Пауза. За эти несколько секунд у меня чуть ли не сердце обмирает.
— Настя Сенч достаточно крепкий человек, чтобы самостоятельно справиться с любой жизненной передрягой. В том числе и без моей помощи.
Я опять начинаю рыдать.
— Ну, вот видишь, — не столько шепотом, сколько жестами объясняю я сквозь слезы Сержу. — Он меня никогда не простит.
— Ага, — еще ехиднее улыбается Серж. — А она вот говорит, что любит тебя. Что жить без тебя не может. А рыдает-то знаешь, отчего? Говорит, мол, ты ее никогда не простишь. Как тебе такая передряга?
Молчание Штерна длится на этот раз еще дольше. Наконец, до моего уха доносится:
— Передай-ка ей трубку.
Размазывая по лицу слезы и сопли, беру сержев мобильник. Там — тишина. Я всхлипываю в трубку, крепко прижав ее к уху. Штерн молчит.
— Сенча, — наконец, произносит он. — Тебе не кажется, что это довольно странная ситуация, когда о таких серьезных вещах я узнаю по телефону от совершенно постороннего человека?
— Кажется, — всхлипываю я.
Он молчит.
— Можно мне вернуться домой? — сквозь слезы не своим голосом говорю я.
Он какое-то время молчит, потом как-то неуверенно спрашивает:
— А ты суп щавелевый будешь?
— Конечно, буду! — чуть ли не кричу я. — Я все буду!
— А, ну тогда ладно… Раз все, тогда приходи.
Серж отбирает у меня трубку, отключается и с довольным видом засовывает ее в карман.
— Дура ты, Настька, дура! — с ласковой улыбкой говорит он.
Я часто киваю, и тоже не могу сдержать улыбки.
— Ну, что? Дальше уже сами справитесь?
Я снова киваю. Он встает, тут же возвращается.
— На вот, я тебе салфеток принес. Хватит слезы лить.
— Серж, ты ангел! Хоть и англист… — сообщаю ему я.
— Да это вы с Жоркой ангелы непутевые… Я-то как раз нормальный человек! — смеется он. — Все, пей давай свой остывший кофе, а я работать пошел.
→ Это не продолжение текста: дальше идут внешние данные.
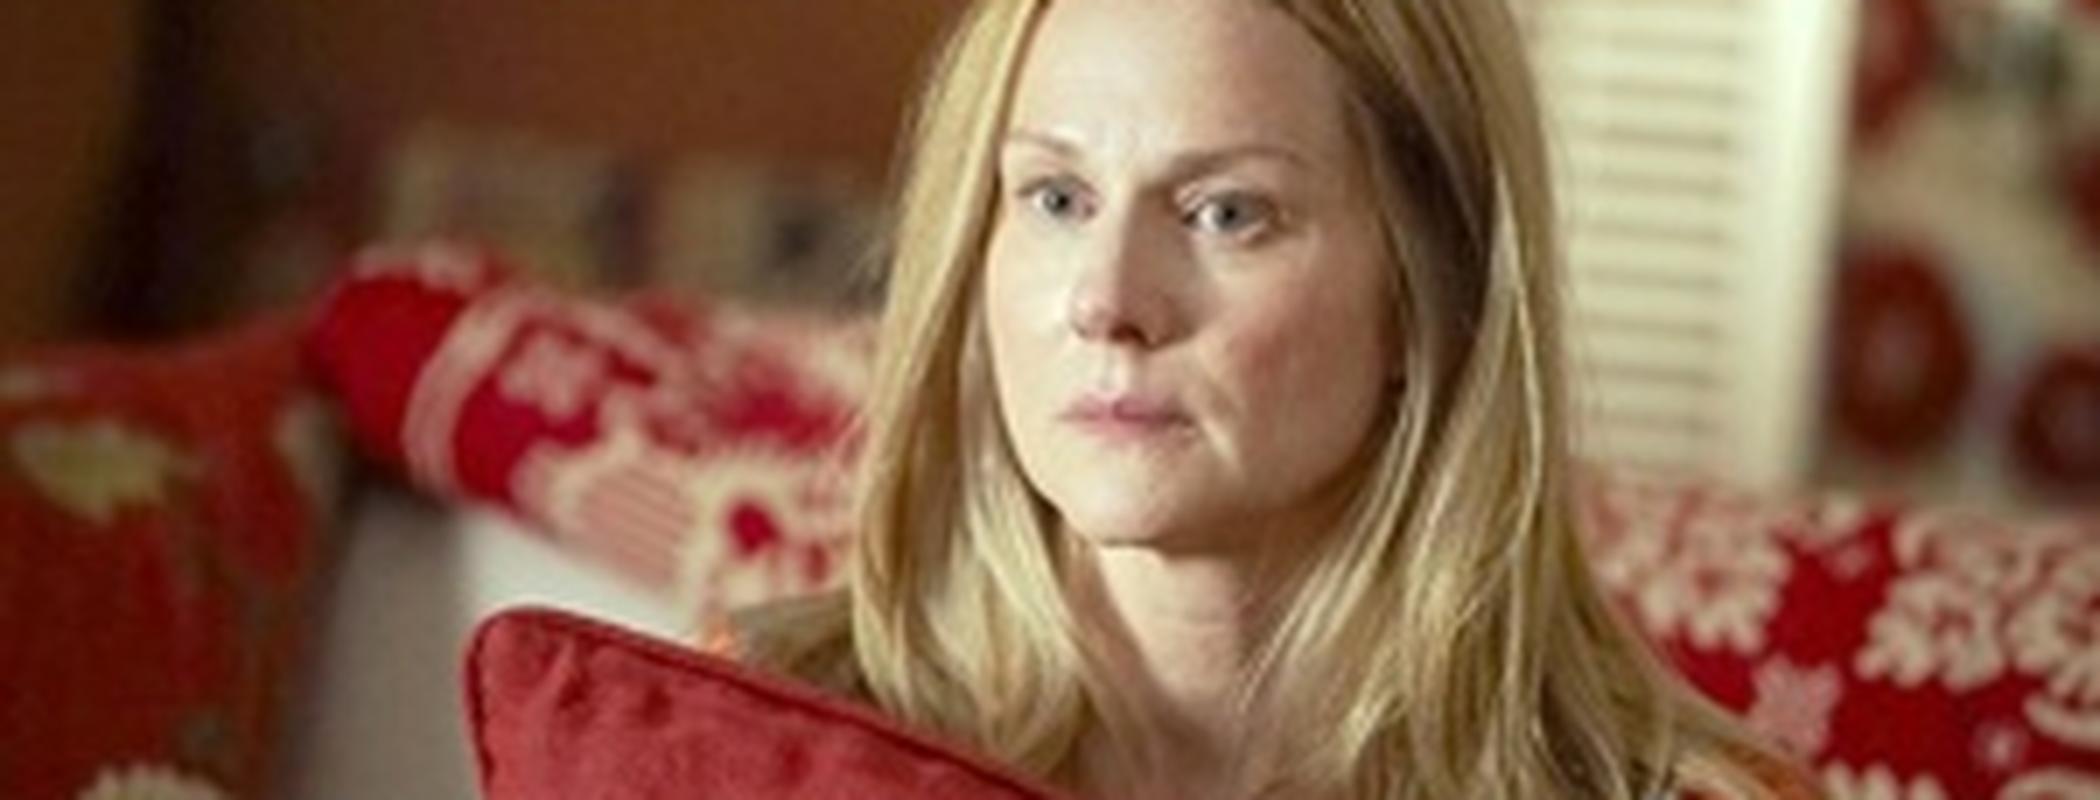 Laura Linney In Showtime's Cancer Comedy The New York Times, 59% OFF

Он забирает свой ноут, а мне остается только улыбаться чашке с противной черной гадостью, вспоминая счастливую улыбку Штерна на старых фотографиях. Я даже не сразу замечаю, как стул Сержа занимает очередной посетитель. Это оказывается тот сумасшедший старик, который всегда спит за последним столом в конце зала. Он с сопением достает из своей кошелки какие-то полиэтиленовые мешки, выуживает из них свертки промасленной бумаги и мятой фольги, в которых оказывается вареная картошка и гнутые бутерброды с селедкой — такие, как нам давали в детском саду. За какую-то минуту он умудряется занять этими своими свертками весь столик, и я вынужден даже переместить чашку с блюдцем себе на колено.
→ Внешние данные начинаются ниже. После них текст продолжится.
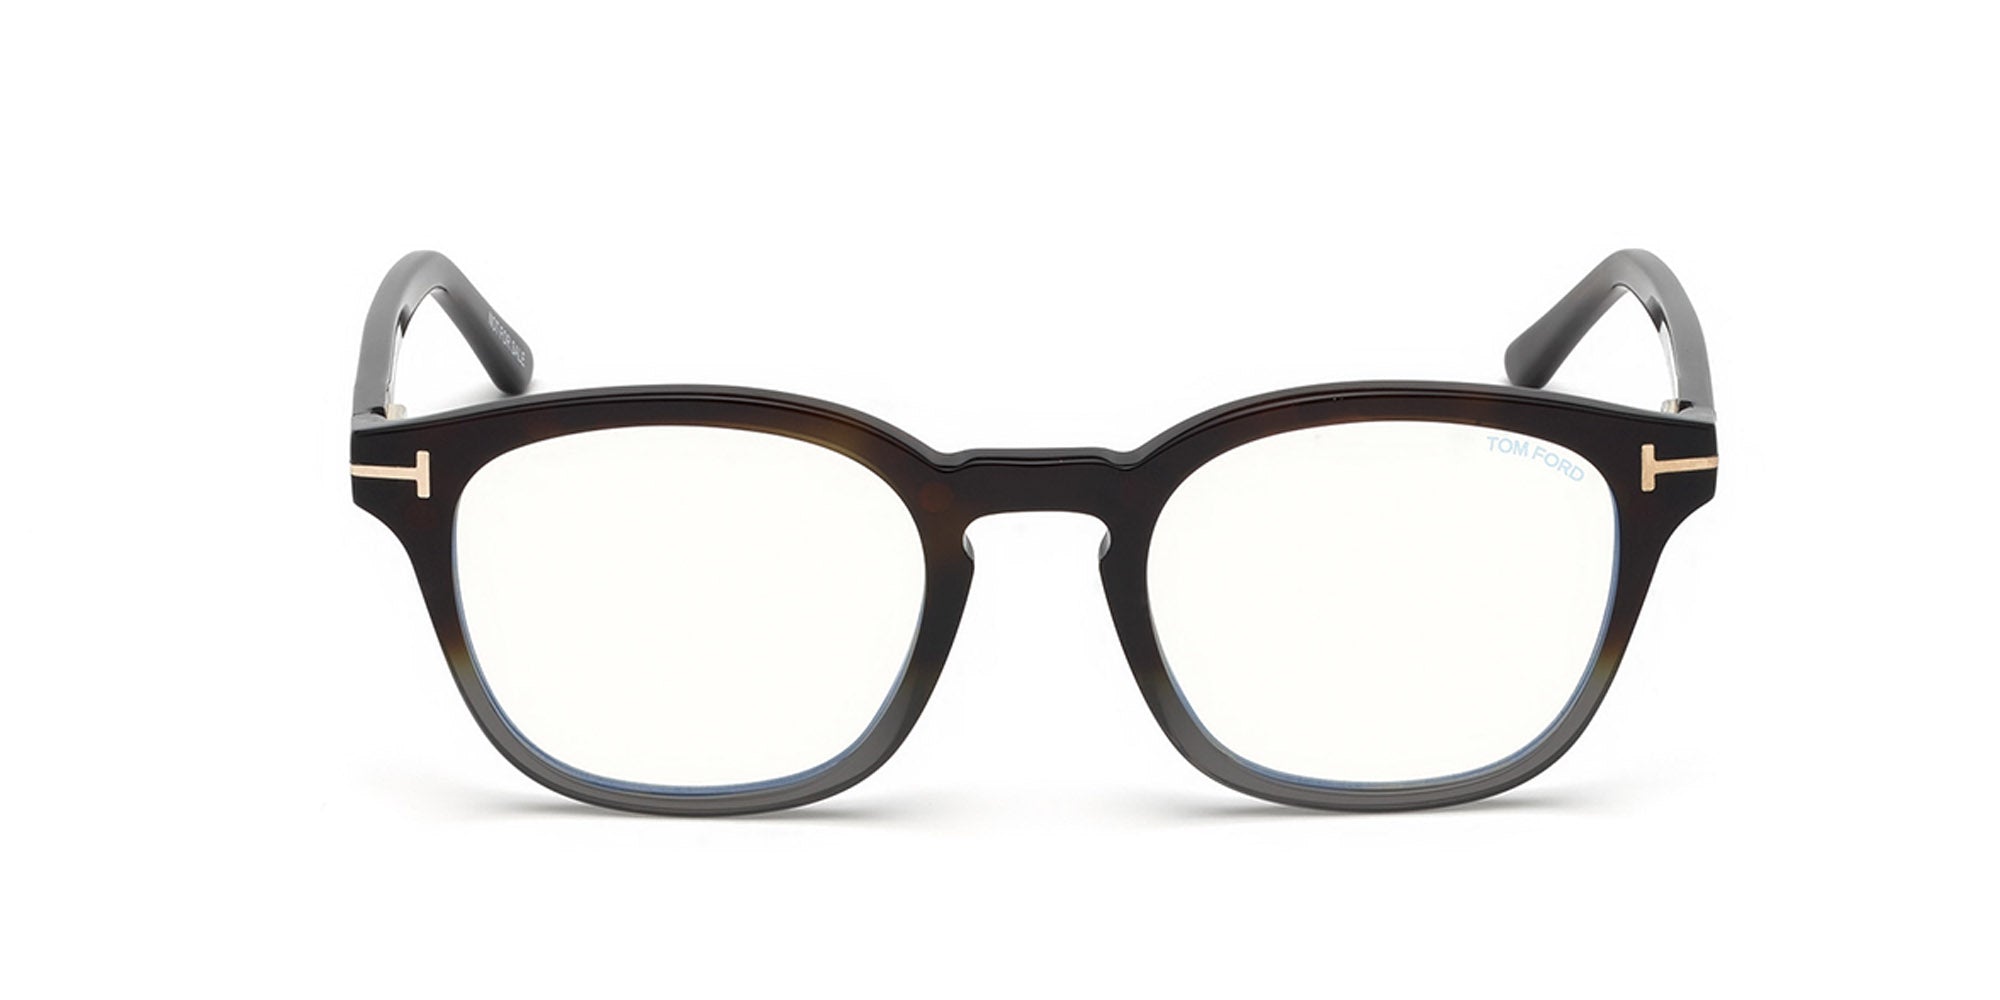 Tom Ford TF B With Clip on Rectangle Glasses   Fashion Eyewear

— Ну, что вам сказать, барышня? — говорит он, обращаясь к разложенным перед ним салфеткам, фольге и пакетам. — Неплохая сказка в итоге получилась. Ключ у вас есть, какие цветы ему дарить, вы знаете…
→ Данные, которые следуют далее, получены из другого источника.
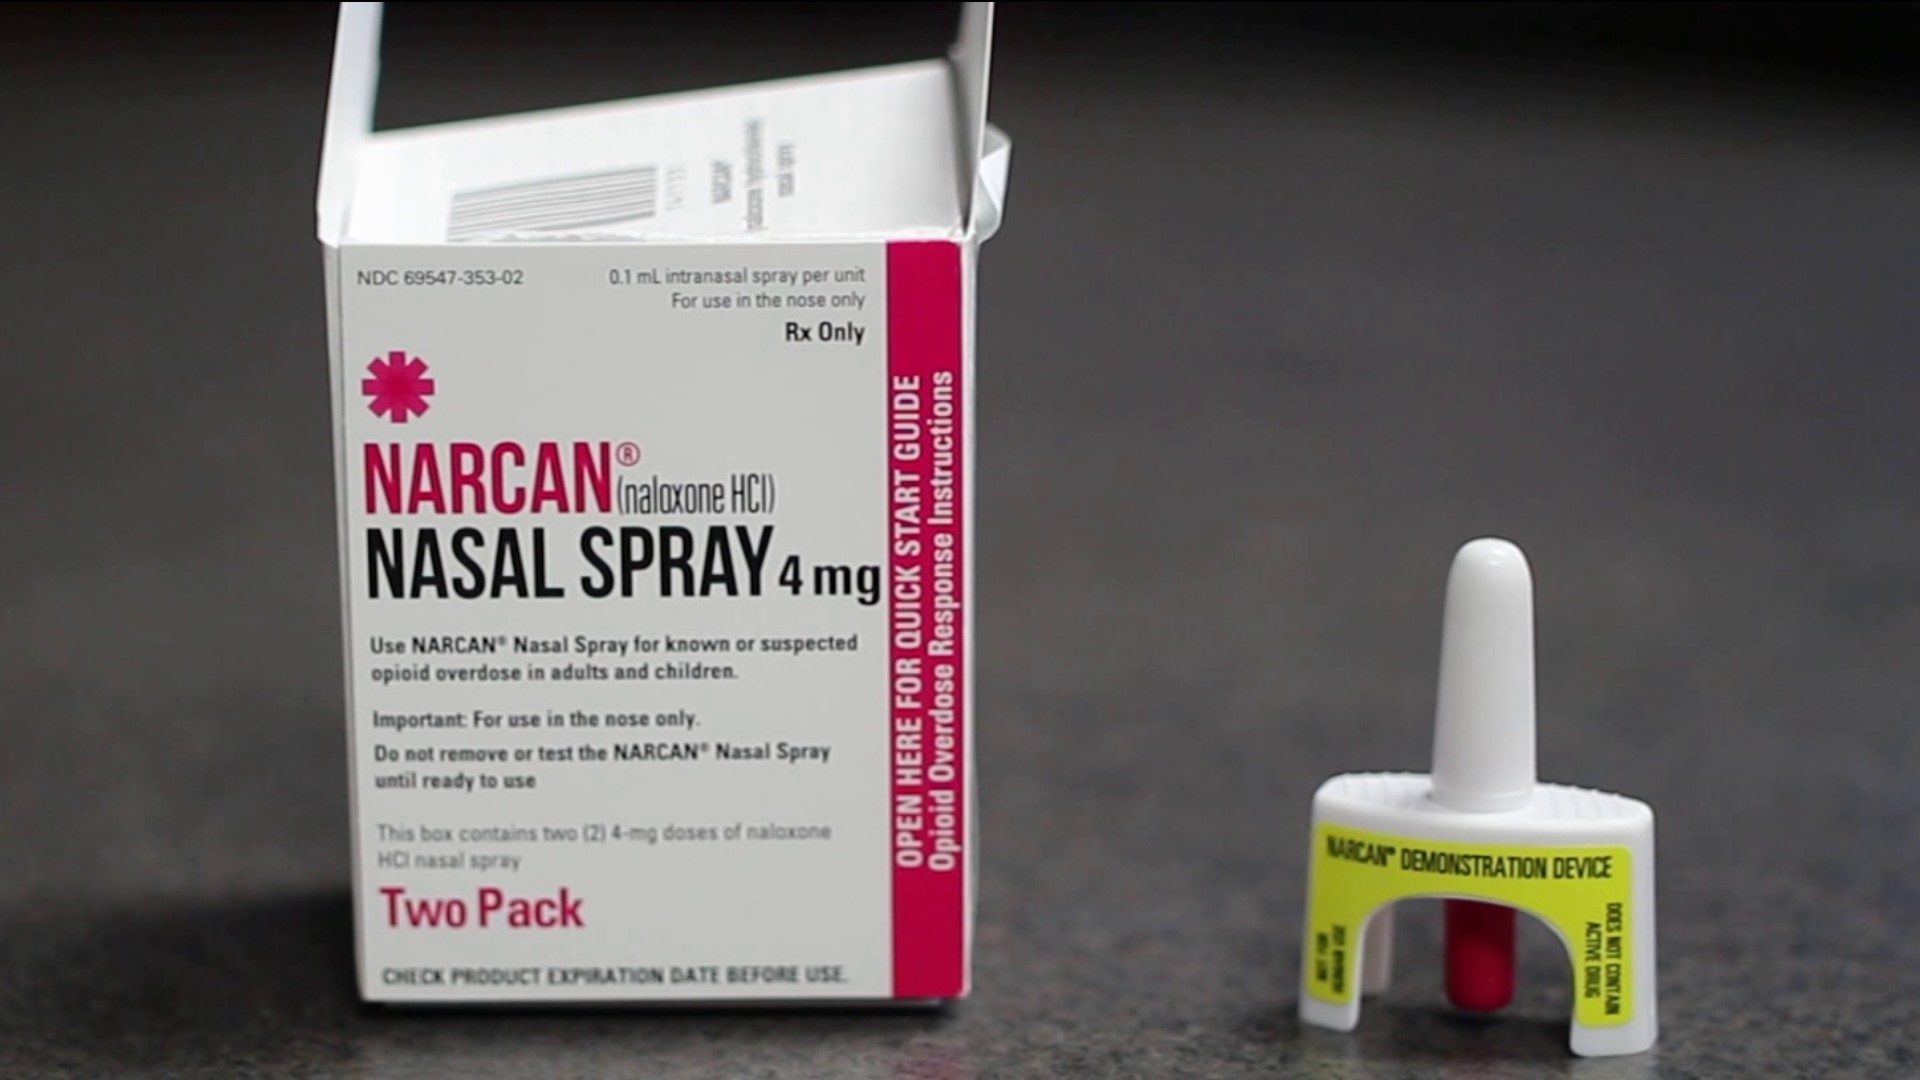 Johnson county organizations came together to bring awareness and Narcan training to the community in the midst of a nationwide opioid epidemic.

Я поворачиваю к нему голову, смотрю на его завязанные в хвост жидкие грязные волосы противного желтого цвета, на большие лошадиные зубы. Он поднимает на меня свои прозрачные голубые глаза — круглые, словно большие стеклянные шарики в дряблых мешочках век с точкой зрачка в середине. И глядя в эти глаза, я внятно сообщаю ему то, что, мне казалось в стенах библиотеки немыслимым произнести вслух:
— А, идите вы знаете куда со своими сказками!..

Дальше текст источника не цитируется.